Regresó al aseo, apretó de nuevo con rabia los mandos, taponó el grifo enrollándolo con una toalla y estalló, otra vez estalló: "¡Mierda, mierda, mierda!". El móvil sonó de nuevo. Sonó y sonó. Corrió hacia él. Chari, hermana. "¿Qué pasa?", exclamó acalorado. Excitado. Nadie contestó al otro lado. Había colgado. Devolvió la llamada. Comunicaba. Soltó el teléfono, cogió otro folio y otra vez escribió. "Día de la Poesía: Buitres en la ventana". Subrayó el título. "Lo mío no es la lírica", refunfuñó. "Con los cuerpos tendidos al sol/ Crueles aparecieron los buitres", reescribió. Siguieron versos amargos: "Como las gotas se precipitan en el desagüe/ Los encontraron abrazados sobre el asfalto/ Cuerpos reventados /Manos entrecruzadas".

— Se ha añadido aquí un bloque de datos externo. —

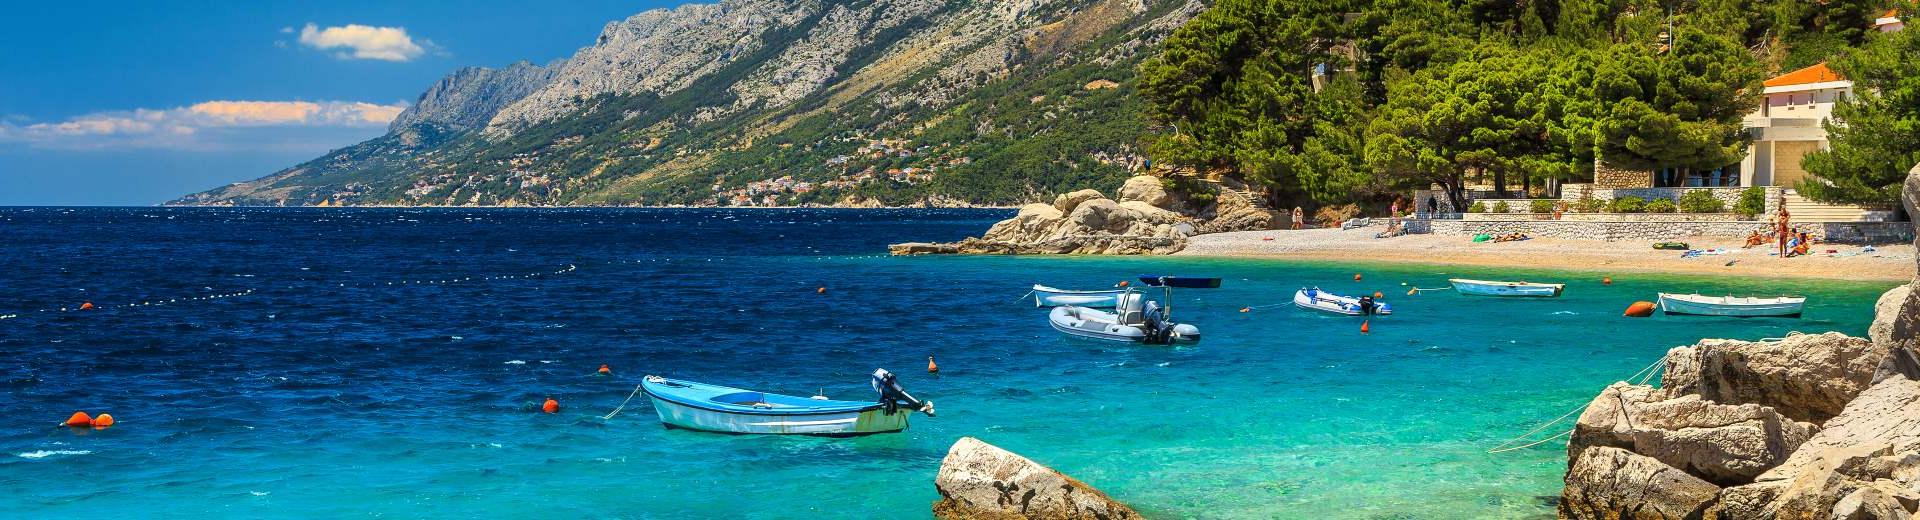 Alla ricerca di mare, sole, relax e cultura: Dalmazia vacanze è quello che fa per voi! - Casamundo

Sonó el móvil. Chari. Un wasap. "Mami dice que te recuerde que mañana tienes que entregar la poesía; al final suspenderás". Masculló improperios. "Aprobaré", sentenció. Miró el poema a medio hacer. Un amor imposible, cuerpos reventados, manos entrecruzadas.... "Una carta manuscrita/Ella que le besaba a ella/ Un beso de despedida/ Buitres en la ventana". Una gota tras otra.

'El Comecocos'. Las Provincias, 25 de marzo de 2017.